JAPAN'S 2011 Fukushima disaster raised the cancer risk for people living near the atomic plant, but no jump in cases is expected elsewhere, the UN's health agency says, sparking an angry reaction from anti-nuclear campaigners.
Within a 20km perimeter of the plant, rates of thyroid cancer among women who were exposed to radiation as infants were expected to be up to 1.25 per cent, the World Health Organisation said in a report.
This represented a 70 per cent increase over the baseline risk of thyroid cancer over a Japanese woman's lifetime, which is 0.75 per cent, the UN health agency noted.
"In view of the estimated exposure levels, an increased risk of cancer was the potential health impact of greatest relevance," Maria Neira, the WHO's director of public health and environment, told reporters as she launched the report on Thursday.
"Outside the most exposed areas, so outside of Fukushima prefecture, and even in some areas of Fukushima prefecture, the predicted risk remains low and even non-observable. That means we didn't observe any increase in cancer above what we call the natural variation in baseline rates," she explained.
Other forms of cancer also looked set to rise, albeit to a lesser extent, the agency said.
It pointed to a slightly higher risk of breast cancer among women exposed as infants, and of leukaemia among men.
Radiation doses from the stricken plant were not expected to cause an increase in miscarriages, stillbirths and physical and mental conditions that could affect babies born after the accident, the WHO said.

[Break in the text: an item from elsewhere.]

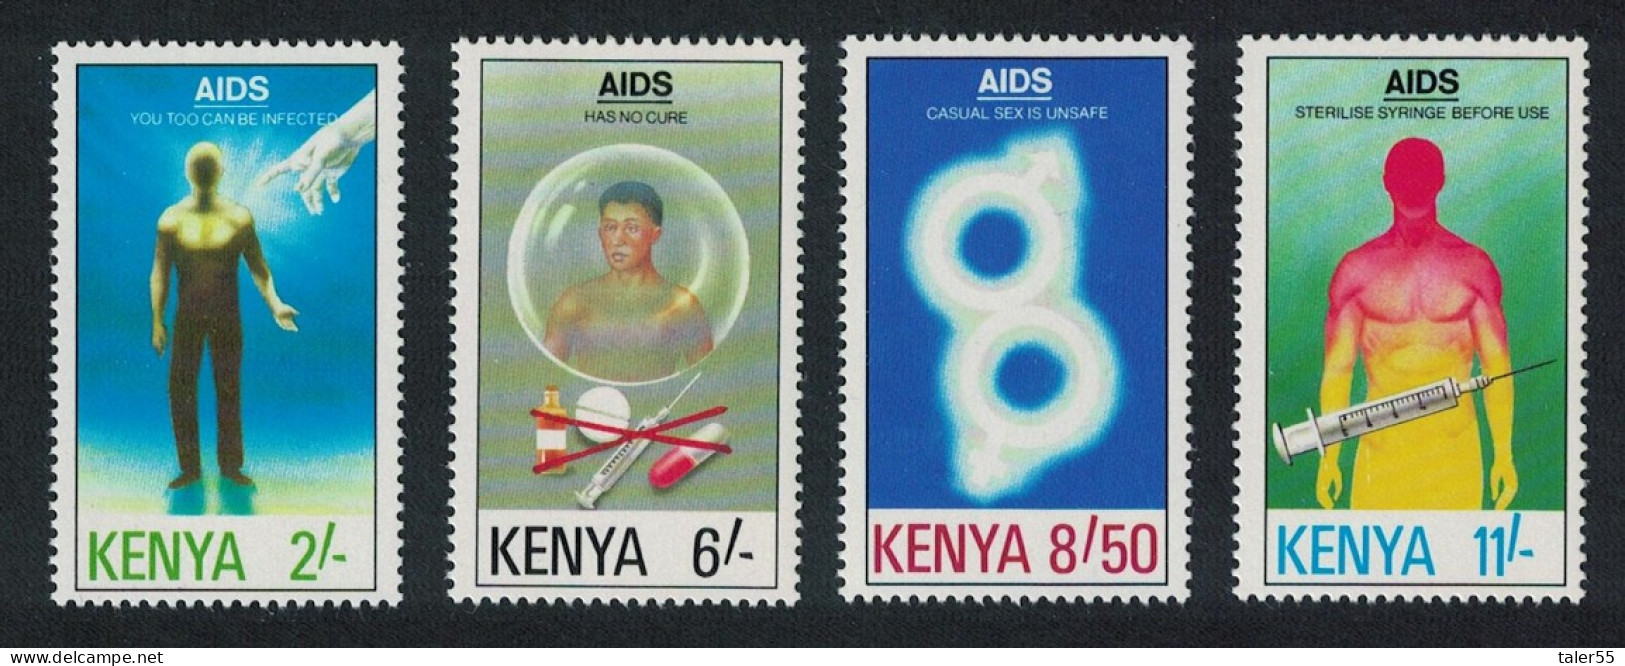 Kenya AIDS Day 4v 1992 MNH SG#561-564 - Kenya (1963-...)

Senior WHO official Angelika Tritscher added: "In neighbouring countries and the rest of the world, the estimated increase in cancer risk is negligible. So there's no additional health risk expected due to the Fukushima accident."
Anti-nuclear campaigners slammed the report.
"The WHO's flawed report leaves its job half done," said Rianne Teule, Greenpeace International's nuclear radiation expert.
"The WHO report is clearly a political statement to protect the nuclear industry and not a scientific one with people's health in mind."